Born in 1899, in Batley, England, a suburb of Leeds, Joseph was the oldest of three children born to John and Ada (née Pattison) Cookman.
In 1907, John, the son of a Methodist Minister was sent to Canada with his young wife Ada and two of his three young kids (the youngest child Hannah, was too sick to make the journey at the time) and became a remittance man. Shortly after they arrived, John died of appendicitis.
With no money nor means to support herself, Ada put her son Joe in an orphanage at the age of 8. Subsequently, his mother got a job keeping house for a Walter Bowen and moved to his farm on Bowen-Eldridge Road in Fillmore, New York. Joe Cookman was retrieved from the orphanage and went to live with his mother and sister Grace in New York. Ada and Walter eventually would marry.

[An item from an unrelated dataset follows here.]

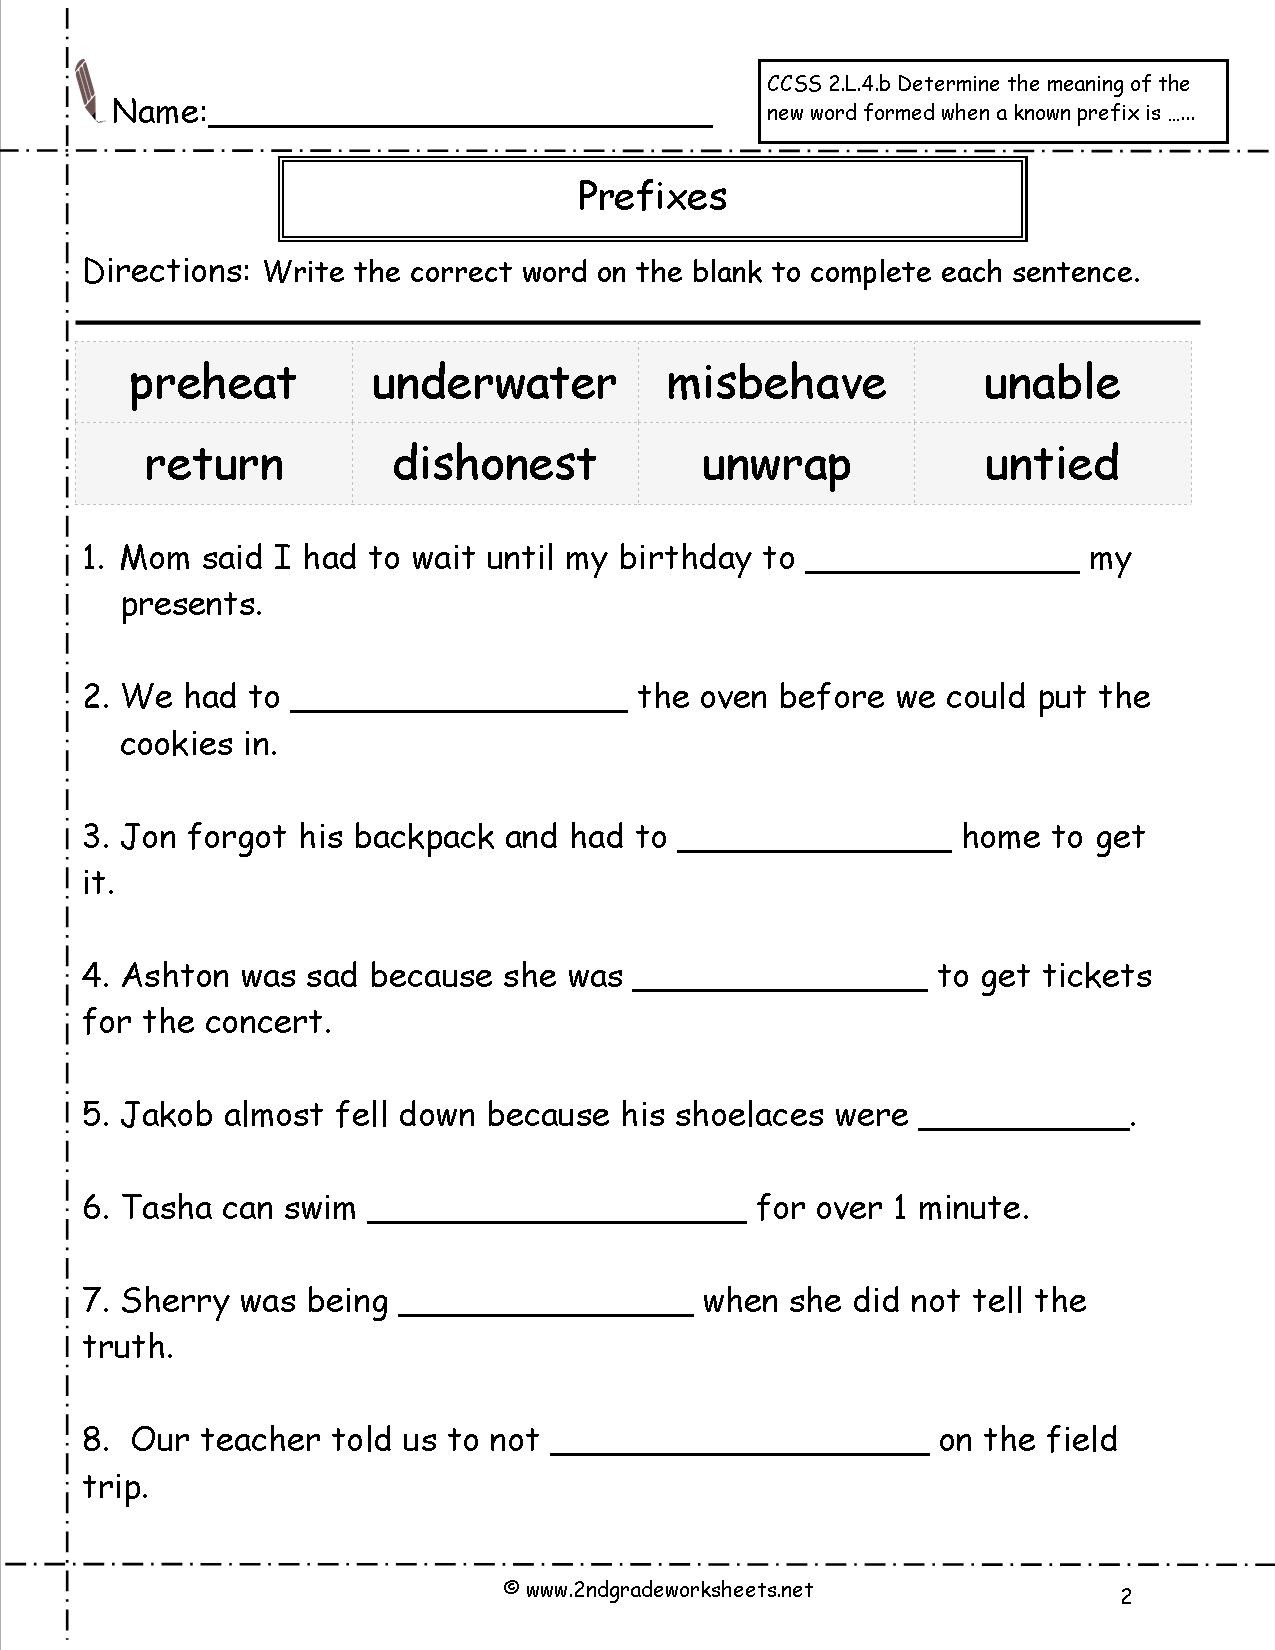 Prefix Worksheet 4th Grade Second Grade Prefixes Worksheets

In 1915, Cookman's sister Hannah now healthy, sailed from England aboard the SS Cameronia, is processed through Ellis Island and joined the family in Fillmore. Cookman graduated from a one-room school house in rural Fillmore.
He went on to study at Houghton College before joining the Army, going through officer training school at Smoky Hill Flats, Kansas, and serving in World War I as a Lieutenant in the infantry.
After the war, a friend's father who owned a steel mill, offered Cookman a job paying $75 per week. However, Joe did not want to be a steel salesman but a writer instead and moved to New York City settling on the upper west side. He shared an apartment with his sister Grace who had become a nurse.
On November 26, 1928, Cookman married Mary Carter Carson, daughter of James Carson a former Chairman of the Colonial Trust Company. She was known professionally as Mary Bass for most of her career. They had an episcopal wedding and a reception at the Englewood Golf Club. Ushers at the wedding were newspaper men Lindsay Perrott, Ted Dibbell (NY Post), Joy Lilly and John Collins. Bass's brother was also an usher. As newly-weds, they first lived at 750 Riverside Drive in Manhattan. They later moved to the Lower East Side around 14th street, with Cookman working at the New York Post and Bass working as an advertising assistant at a department store.